Ideata con molta probilità dalla comunità Amish, questa torta consta di un delizioso ripieno di crema di marshmallows, o crema al latte aromatizzata alla vaniglia, racchiuso tra due strati tondeggianti a base di cacao. Per il 31 Ottobre è gettonatissima in versione biscotto, ognuno preferibilmente riempito di crema all’arancia.

 

Le mele caramellate

VALIUM ne ha parlato già (rileggi qui l’articolo). Sono ghiotte sia per la vista che per il palato: rossissime e rivestite di un lucente strato di zucchero caramellato, possono essere decorate con un tripudio di confettini o zuccherini multicolor.

 

Le Candy Corn

Ricordano i semi del mais, un frutto tipicamente autunnale; in realtà sono chicchi di riso soffiato caramellati a cui viene data una forma conica. I colori di cui si tingono le Candy Corn sono caratteristici: bianco, arancione e giallo all’insegna di una solare giocosità.

 

La Bundt Cake

E’ un’altra specialità americana, nonostante il suo nome vanti un’origine germanica.

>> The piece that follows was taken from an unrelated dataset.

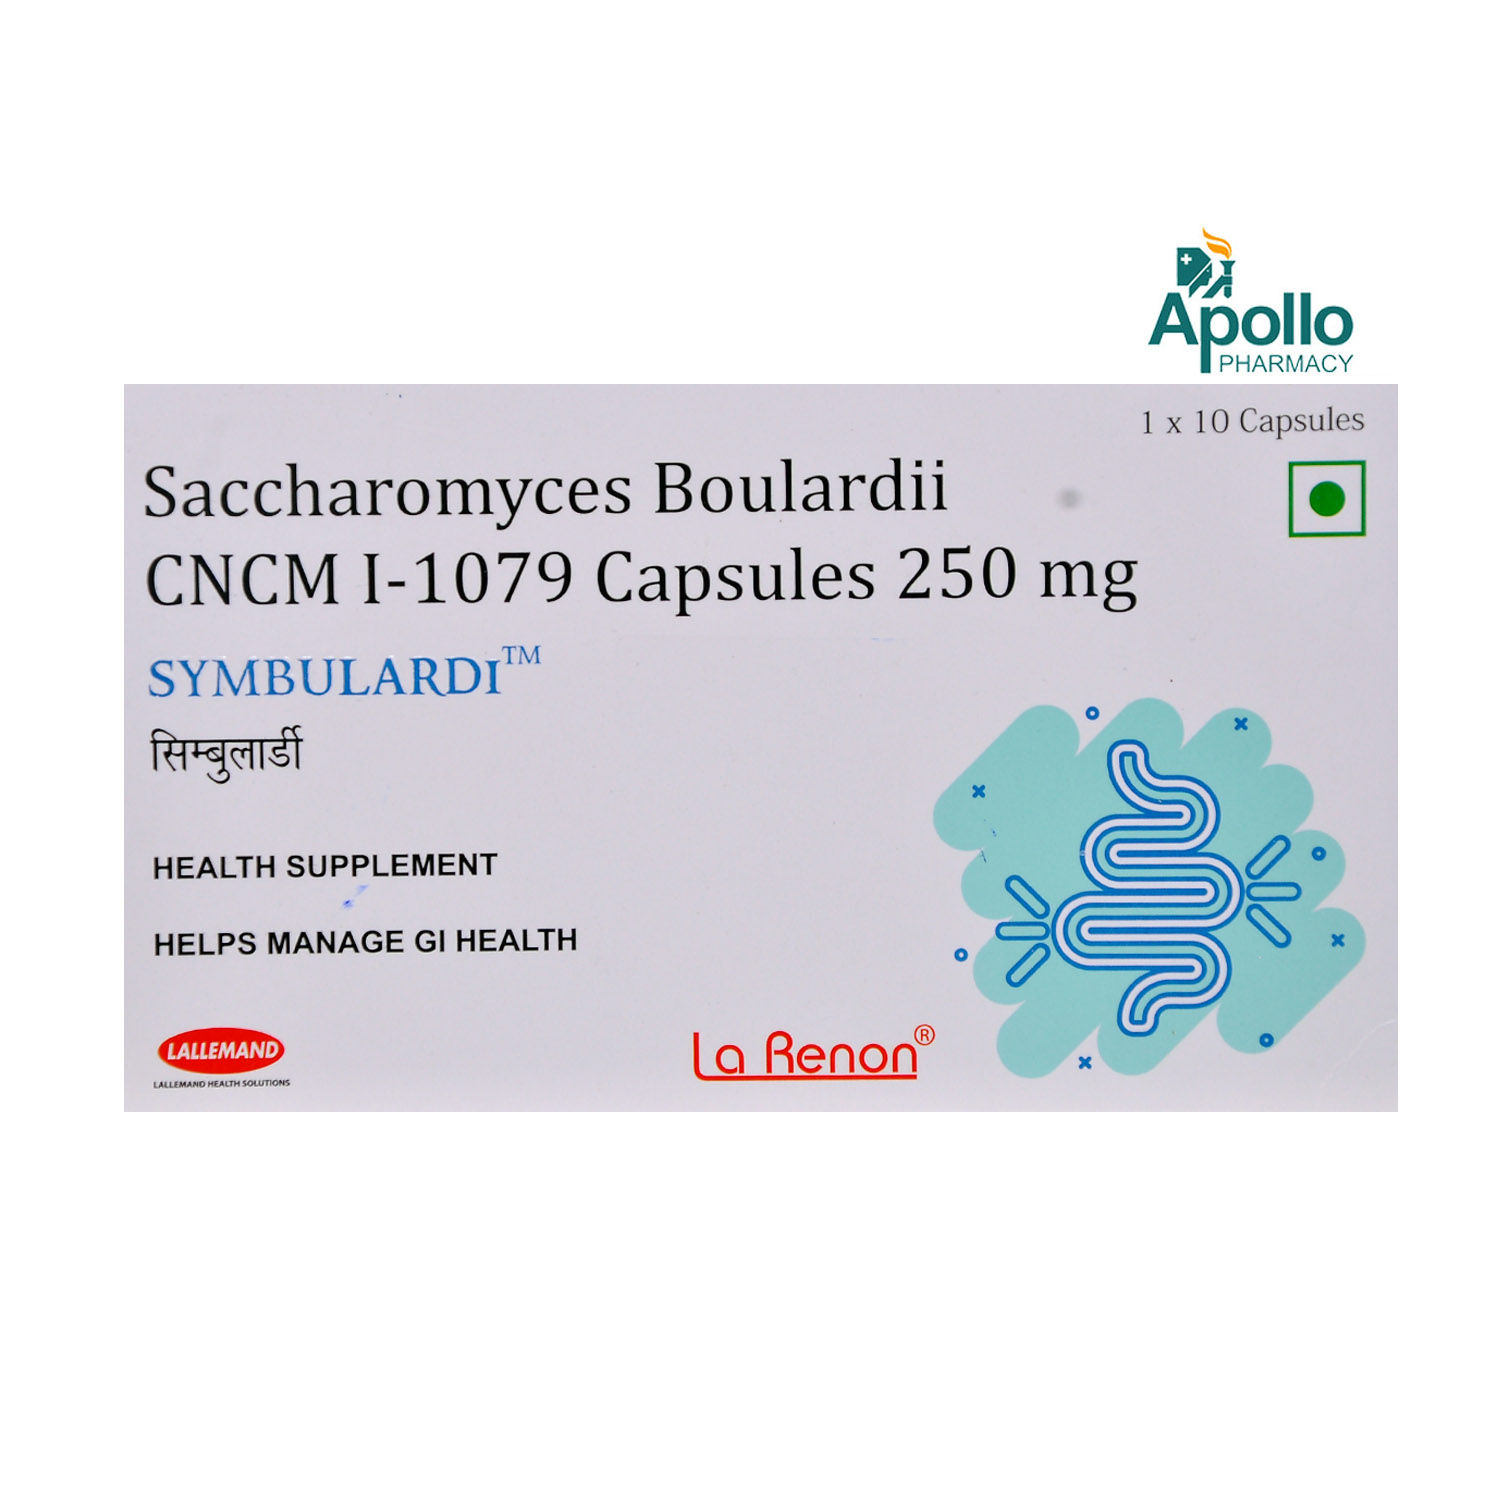 Saccharomyces Boulardii: Uses, Benefits, Side Effects

Ha una forma a ciambella che la rende molto simile al ciambellone italiano; ne esistono varie versioni, ma per celebrare Halloween si predilige la variante al cacao ricoperta di squisita glassa al cioccolato.

 

La Divinity Candy

Sono dolcetti molto popolari nel Sud degli Stati Uniti. Somigliano a delle meringhe, oppure a dei torroncini, e tra i loro ingredienti risaltano lo zucchero bianco, l’estratto di vaniglia, gli albumi d’uovo sbattuti e lo sciroppo di mais. Per renderli ancora più deliziosi vengono guarniti con frutta secca e noci pecan, una varietà dal sapore particolarmente intenso diffusa in paesi come il Texas e la Louisiana. Oltre che ad Halloween, negli USA si gustano durante le feste natalizie.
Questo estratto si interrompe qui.